Елена с грустной улыбкой вспомнила, как Антошка, учившийся еще в первом классе, однажды с ревом прибежал домой: мальчишки сказали ему, что он — "поэтессин сын", и еще сказали, что "стишки только "повернутые" сочиняют, а мамы стихов не пишут"…
Она, конечно, как могла, утешила сына, объяснила ему, что люди всегда смеются над тем, что недоступно их пониманию, и что вовсе не нужно стыдиться того, что он — сын поэтессы. Позорно быть сыном бездельницы, алкоголички, тунеядки…
Однажды она лежала в стационаре с воспалением легких. Бесконечные женские разговоры о пьянствующих мужьях, беременностях и абортах, о бестолковых детях и дурах-свекровках повергли ее в уныние.

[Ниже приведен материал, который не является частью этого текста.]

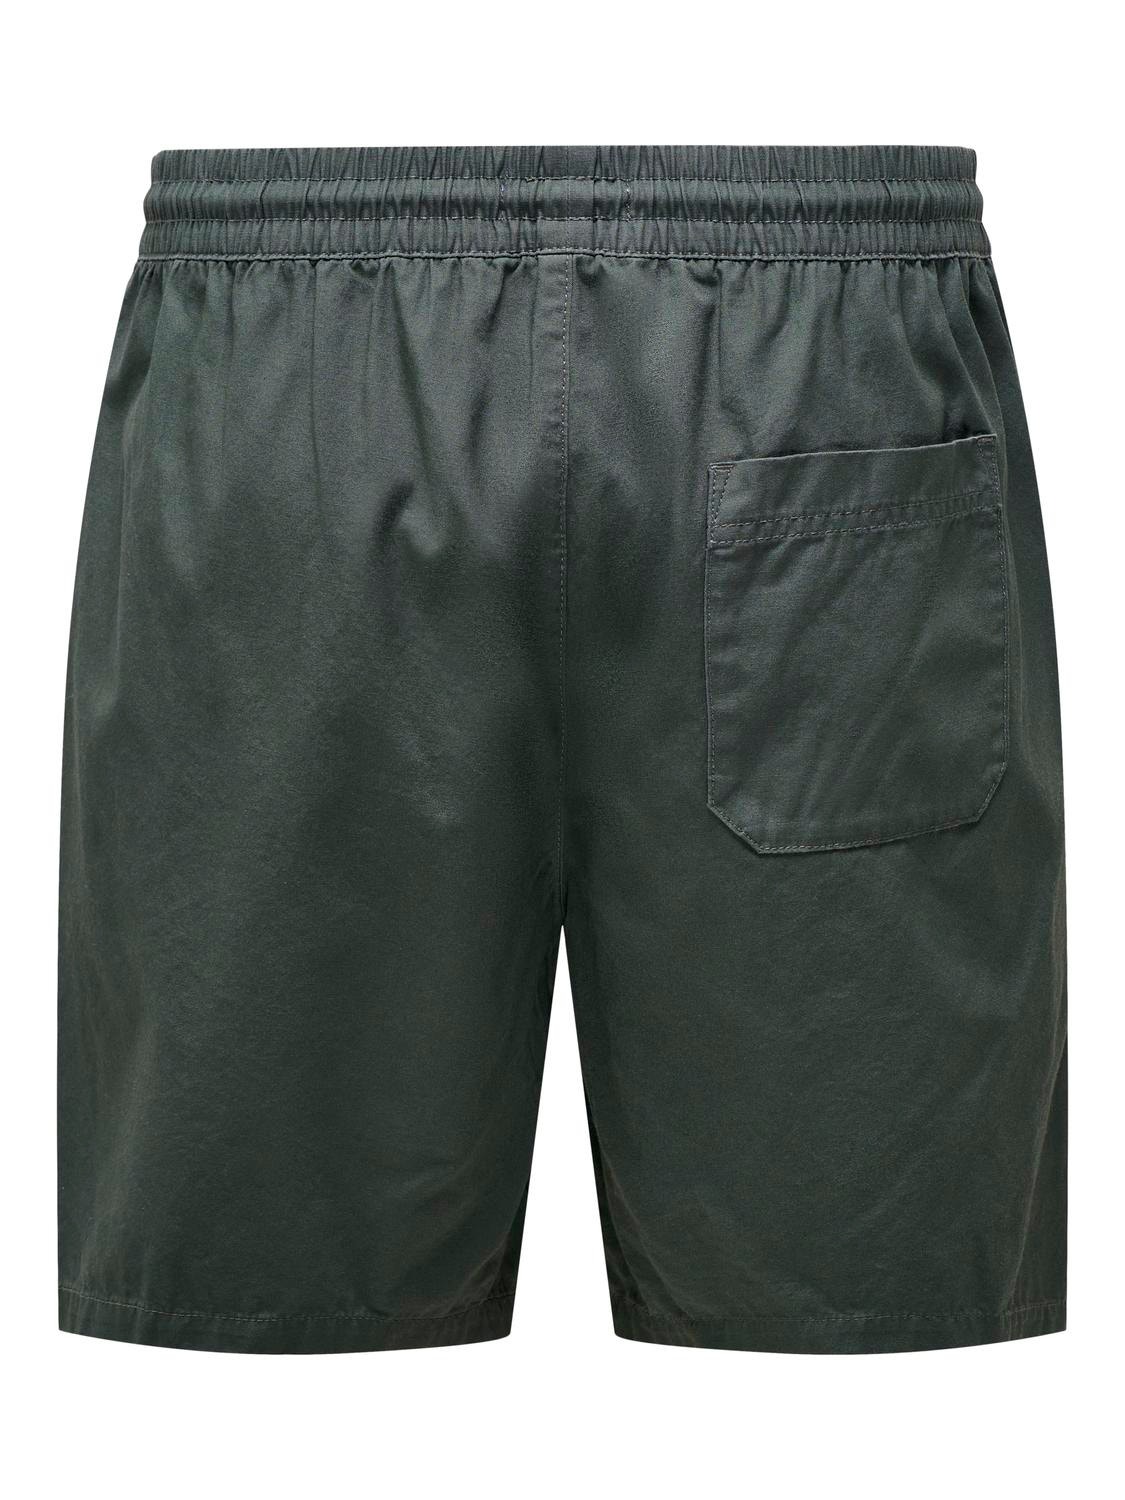 ONLY & SONS Normal passform Shorts -Balsam Green - 22027949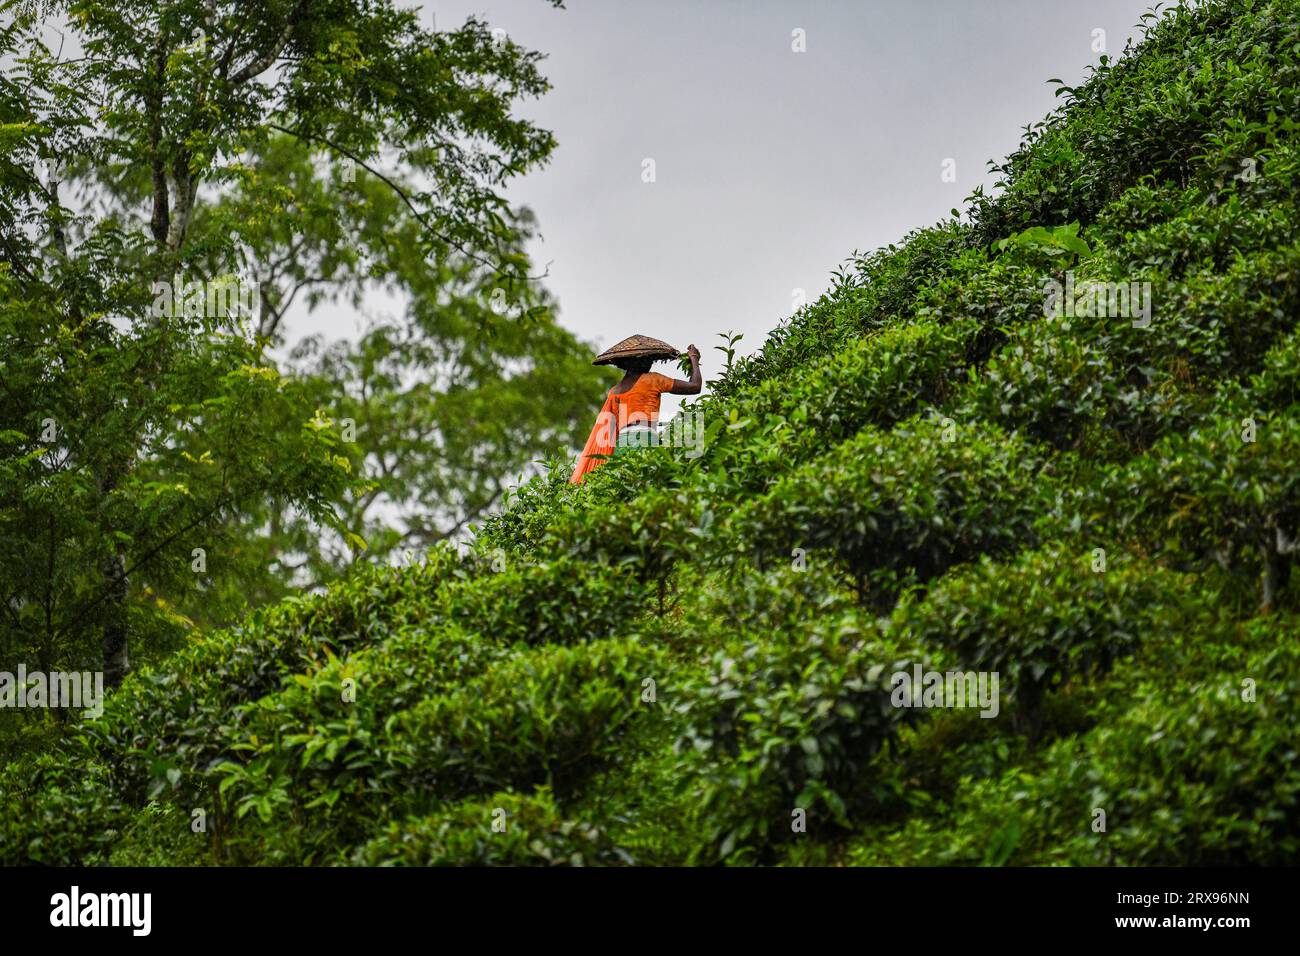 A Bangladeshi woman plucking tea leaves at a tea garden in Sylhet. Tea Plucking is a specialized skill. Two leaves and a bud need to be plucked in order to get the best taste and profitability. The calculation of daily wage is 170tk(1.60$) for plucking at least 22-23 kg leaves per day for a worker. The area of Sylhet has over 150 gardens including three of the largest tea gardens in the world both in area and production. Nearly 300,000 workers are employed on the tea estates of which over 75% are women but they are passing their lives as a slave. Stock Photo

Она с изумлением и даже со страхом следила за этими так называемыми "нормальными" женщинами и не могла понять, чем же они отличаются от тех, что были в психушке. В дурдоме, по крайней мере, было немало людей с больной совестью, со страдающей душой, здесь же матери семейства, жены рассказывали друг другу о мерзостях, которые они вытворяют в своей повседневной жизни, и как будто даже хвастались этим…
Она стала на весь день сбегать куда-нибудь от своих соседок сразу после обхода палатного врача. Обычно она укрывалась в самом дальнем конце коридора — где-нибудь за кадкой с пышно разросшимся лимоном, и сидела там весь день, возвращаясь в палату лишь к ужину. Сидела, думала, читала, писала стихи…
Однажды, когда она ходила на уколы в процедурный кабинет, находившиеся в палате женщины перерыли ее тетради, в которые она записывала только что родившиеся стихотворные строки.
Когда она вернулась в палату, семь пар глаз безцеремонно уставились на нее.
— Слушай, девка, — безаппеляционно начала Марь Паловна, как все ее звали, буфетчица городского ресторана, которая могла уязвить любого своим не знавшим пощады языком, — это че за стихи у тебя в тетрадках-то?